From Starhawk —
I was moved, last night, listening to Senator Gary Peters from Michigan tell Rachel Maddow the story of his wife’s abortion, how, when her waters accidentally broke four months into a very much wanted pregnancy, and the fetus had no chance of survival, the hospital refused her an abortion, threatening her life.
You can watch the video here: https://www.msnbc.com/.../senator-voices-pain-politics-of...
With the Republicans poised to jam through an anti-abortion activist to fill Ruth Bader Ginsburg’s seat, it’s time for a #metoo moment for reproductive choice, time to fill the airwaves and flood the politicians’ phones and email accounts and offices with our stories. If you are a young person, you didn’t live through the era of back-alley abortions, of pierced wombs and infections and premature deaths. But those of us who did have stories of our own—and it is time to tell them now.
If I had an abortion story, I would tell it. I don’t. My story is what might at first seem like the opposite. I was always careful, and I had access to birth control. But the pills made me bloated and uncomfortable.
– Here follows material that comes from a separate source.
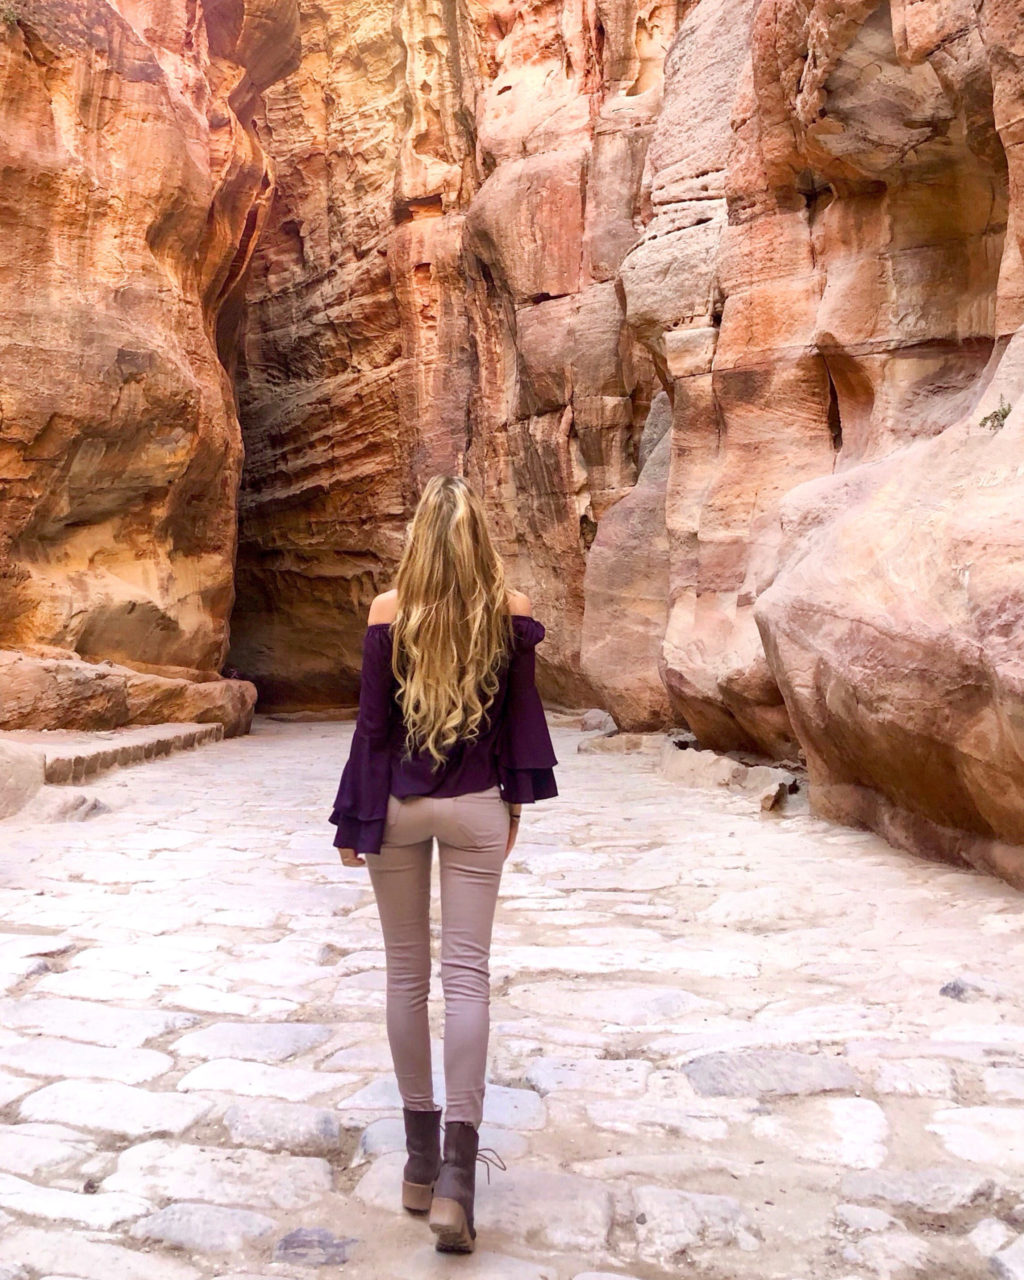 jordanie petra canyon
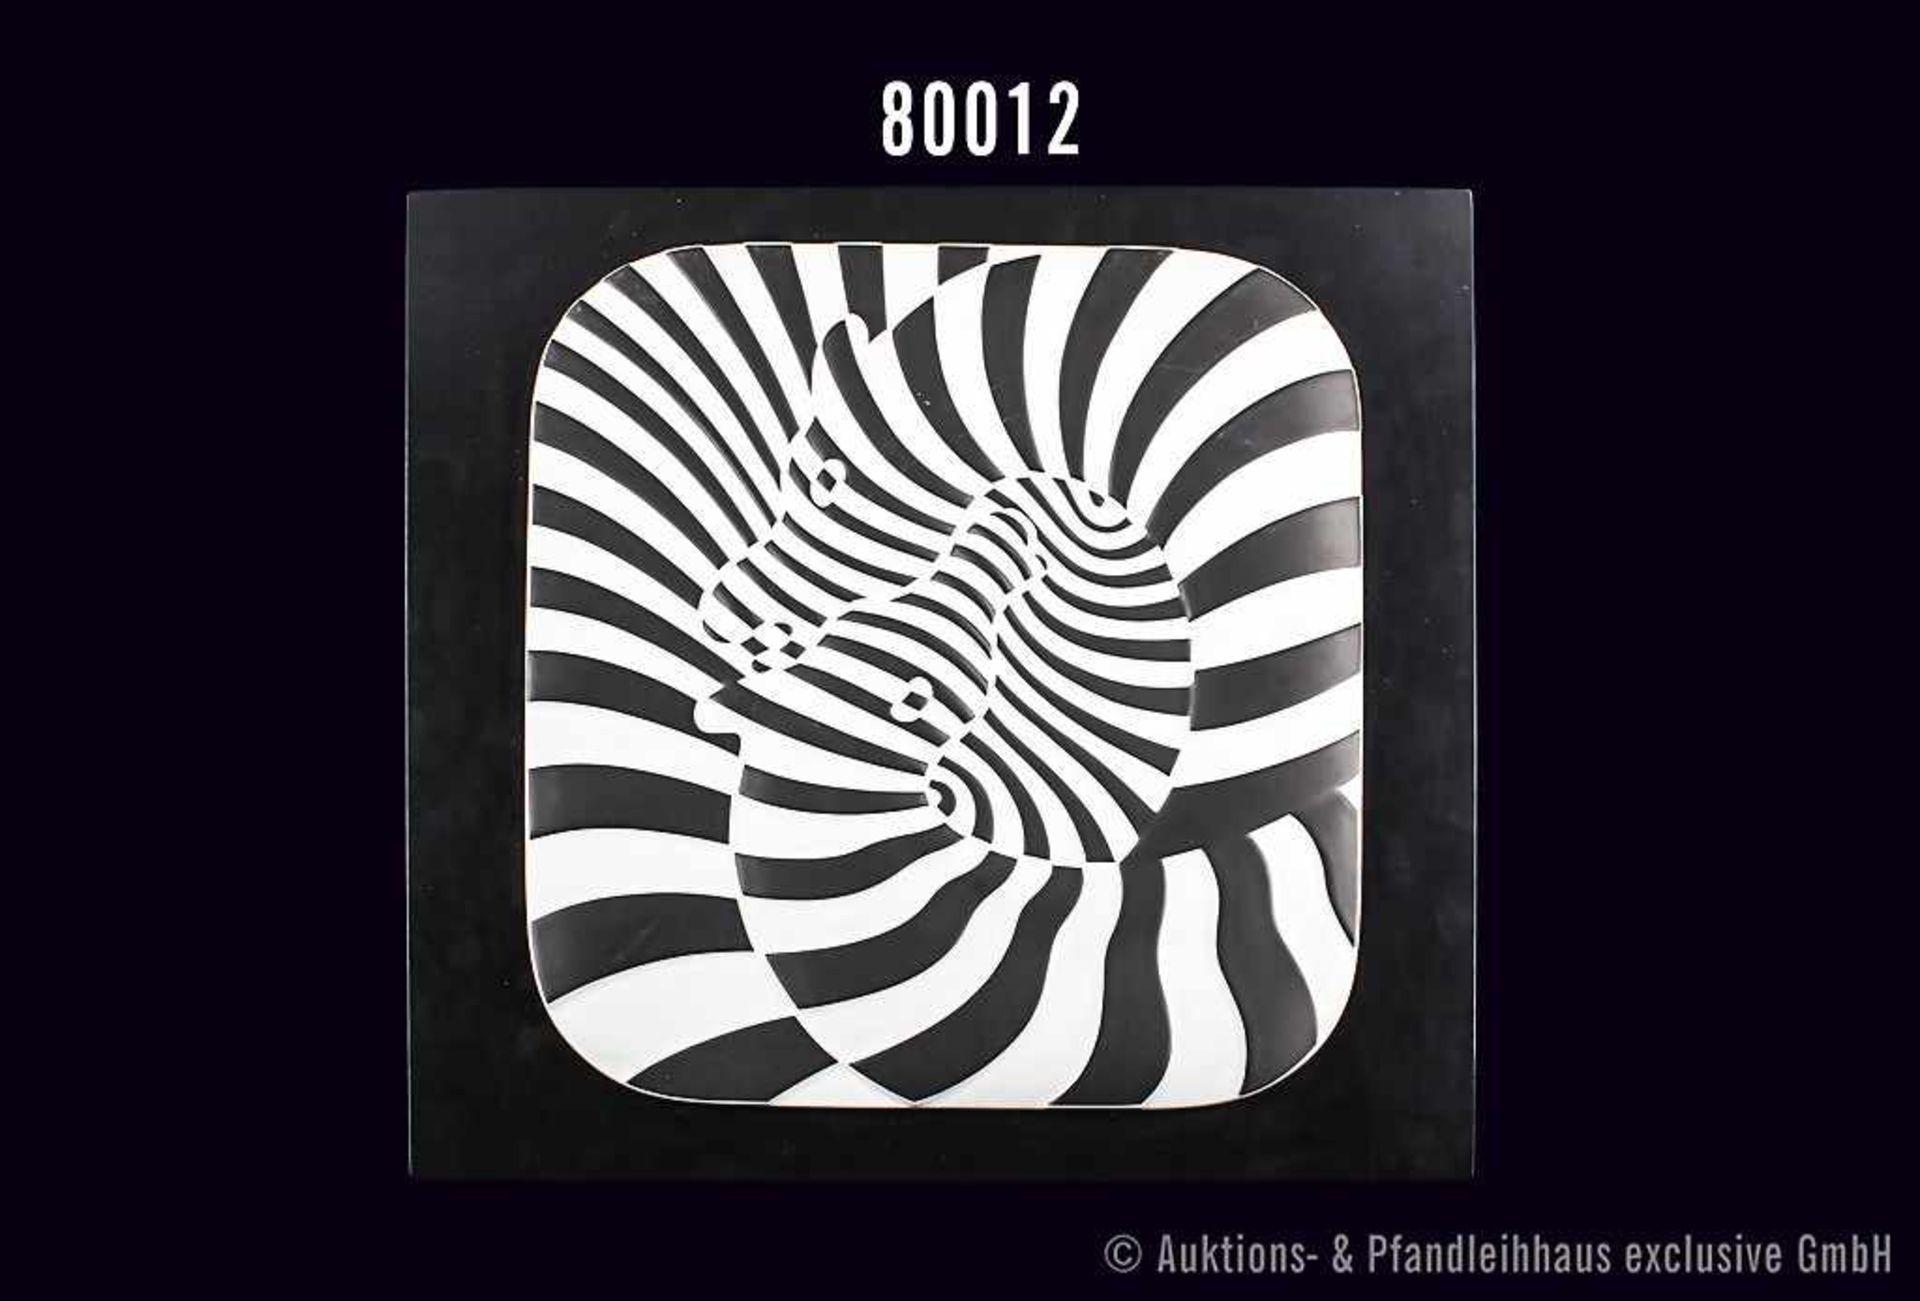 Rosenthal Porzellan, Wandrelief Jahresteller 1977, Dekor Zebra, Motiv von Victor Vasarely,

Diaphragms and condoms were awkward and not always effective—and required a meticulous discipline that in my young and wild days I wasn’t always capable of.
So I got the newest (at the time), most advanced form of birth control available—an IUD. It was the infamous Dalkon Shield, which gave me and thousands of other women silent infections and left us with scarred tubes—something I didn’t discover until, in my early forties when I was finally ready to have the child I had always longed for, I couldn’t. That is the greatest sorrow of my life.
What does this have to do with abortion?
Just this—physiology is complicated. Things go wrong. Accidents happen. Those of us who bear a uterus and all that goes with it have many, many choices to make over a lifetime. We are the ones who live with the consequences. We have the right to make those choices, to wrestle with the moral dictates of our own consciences, in these most intimate of decisions.
I know people of good conscience who are anti-abortion, who also work for peace and feed the hungry and truly cherish life. But the anti-abortion forces, on the whole, are the same forces that are trying to take away health care from millions of people, the same forces that condone ripping children from their parents’ arms at the border and locking little ones up in cages, the same forces that oppose fertility treatments, that deny climate change, that refuse to do something as simple as wearing a mask to protect the lives of others.
We must do everything we can to stop them from blocking our choices, restricting our freedoms, and taking control of our basic right to self-determination.
The Democrats may not have the power to keep the Republicans from ramming this confirmation through. But power ultimately rests with us, the people. Now is the time to use it!
If you have a story, now is the time to tell it.
If you have a voice, now is the time to raise it.
If your Senators are standing on the side of choice, send them your blessings and support. If they are determined on this travesty of justice, flood them with outrage! Donate to their opponents, and vote them out!